Action #3: Do Nothing — Literally do nothing. When you’re having a meeting, and the inevitable question comes, “So what are the next steps and who are the owners?” DO NOTHING. Let the question hang in the room. Do absolutely nothing. Let the awkward silence hang…and continue to hang…until a hand is raised and responsibility is taken. If nobody raises their hand… continue to do nothing!
By doing nothing…you’re doing something. You are refusing to allow the monkey, and thus the burden of responsibility, to jump on your back. You are forcing others to step up and take ownership. You are showing your team that you no longer operate in the same capacity.

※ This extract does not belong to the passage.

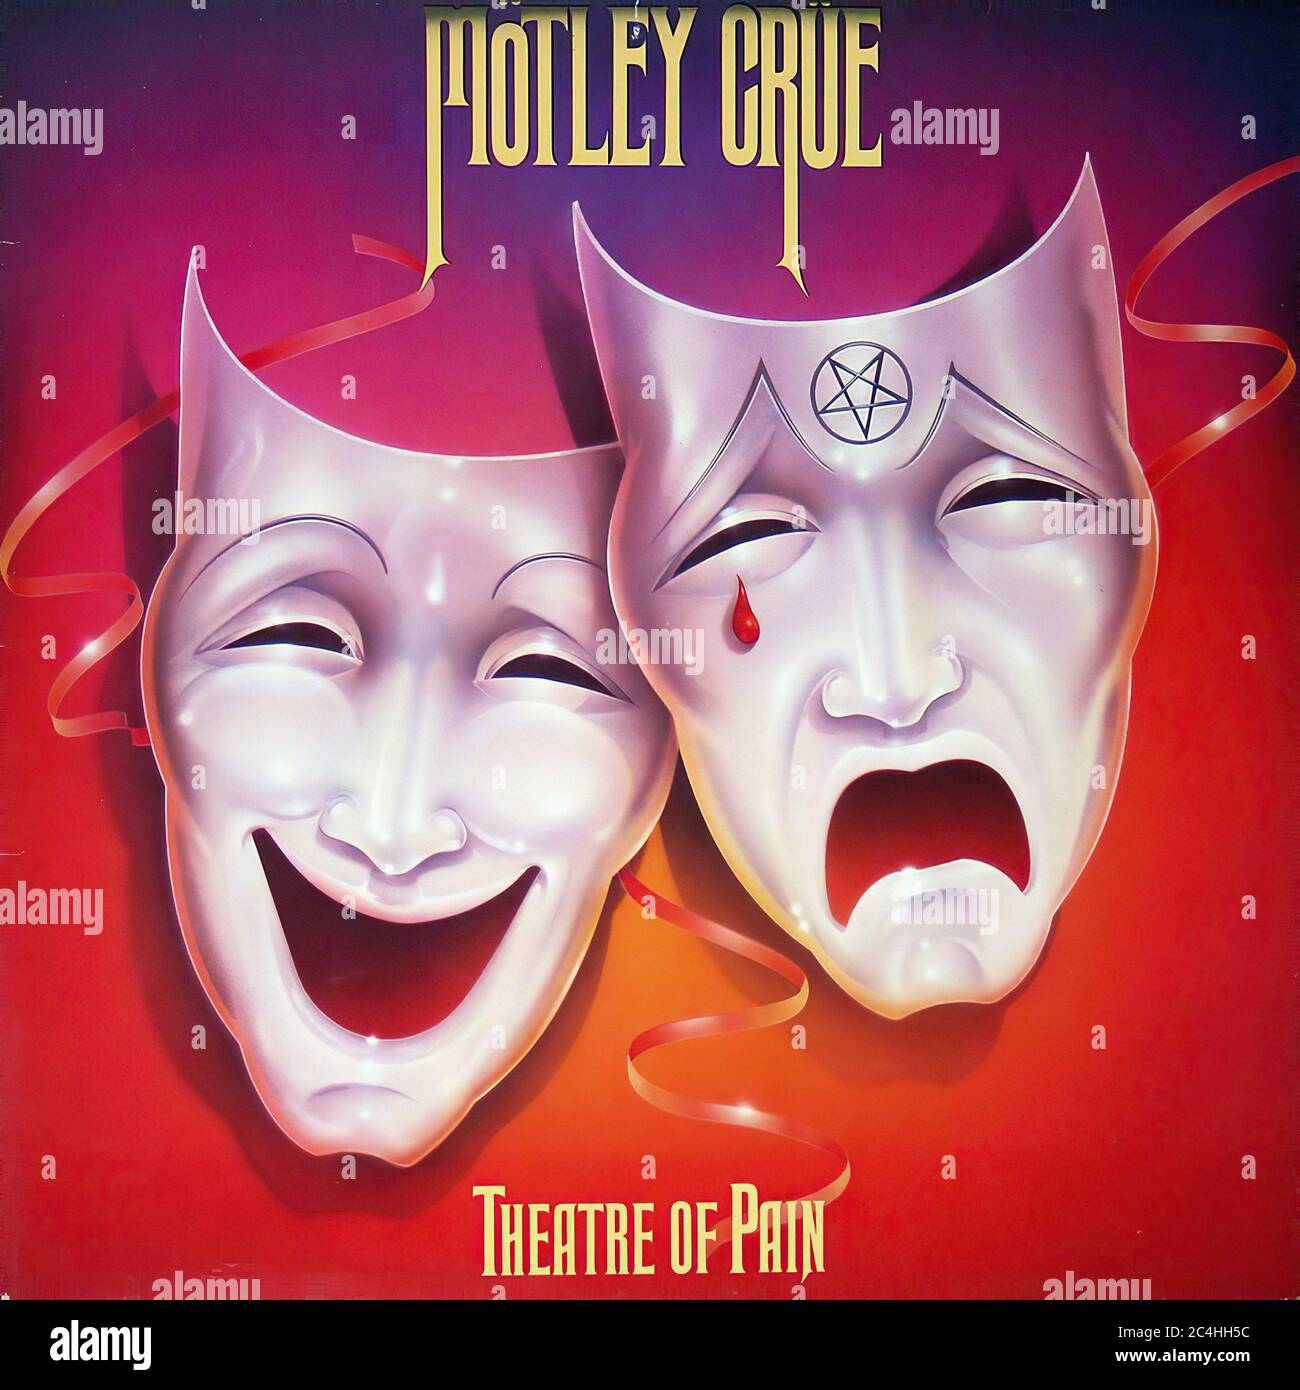 Motley Crue Theatre of Pain 12'' Vinyl Lp - Vintage Cover Stock Photo -  Alamy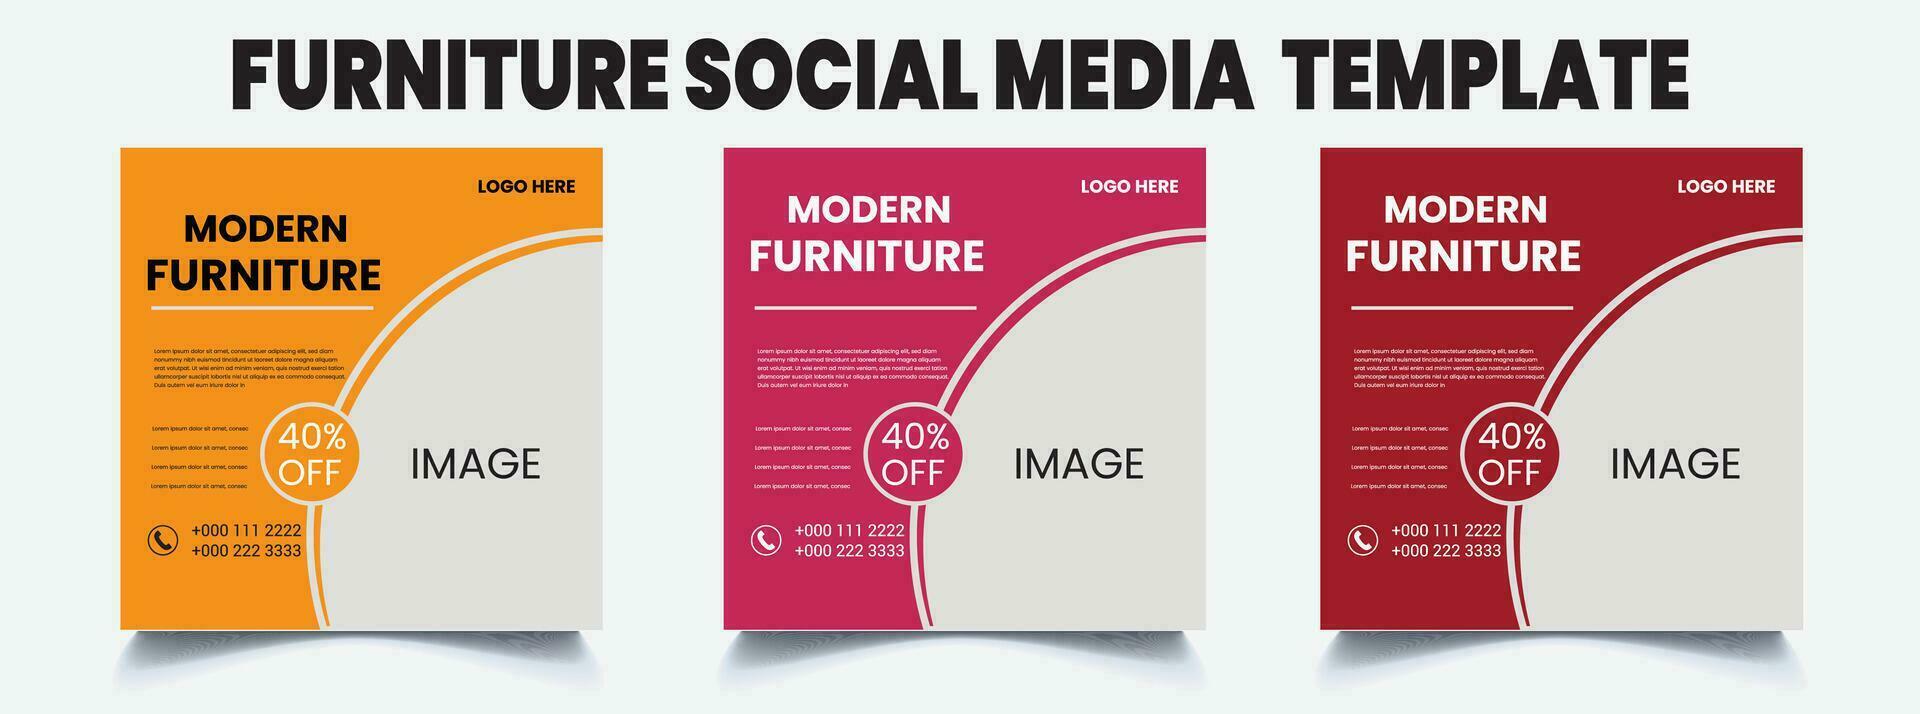 Furniture social media template Design. vector

As surprising as it may seem, by doing nothing, you can actually get increased commitment and accountability from your team. Imagine that…!
There is a time and a place for Yes. Yes’s are sacred. They feel good to share with people. That said, Yes’s often come with baggage (i.e. monkeys) when used carelessly or too liberally.
Remembering that one Yes equals ten Yes’s helps increase your awareness as to how many things you unconsciously commit to. By being more aware of what you commit to, you’ve set yourself up to be able to say Yes to the right stuff and No to everything else. That shift alone greatly increases overall productivity and gives managers back some of their most precious and limited resource — TIME!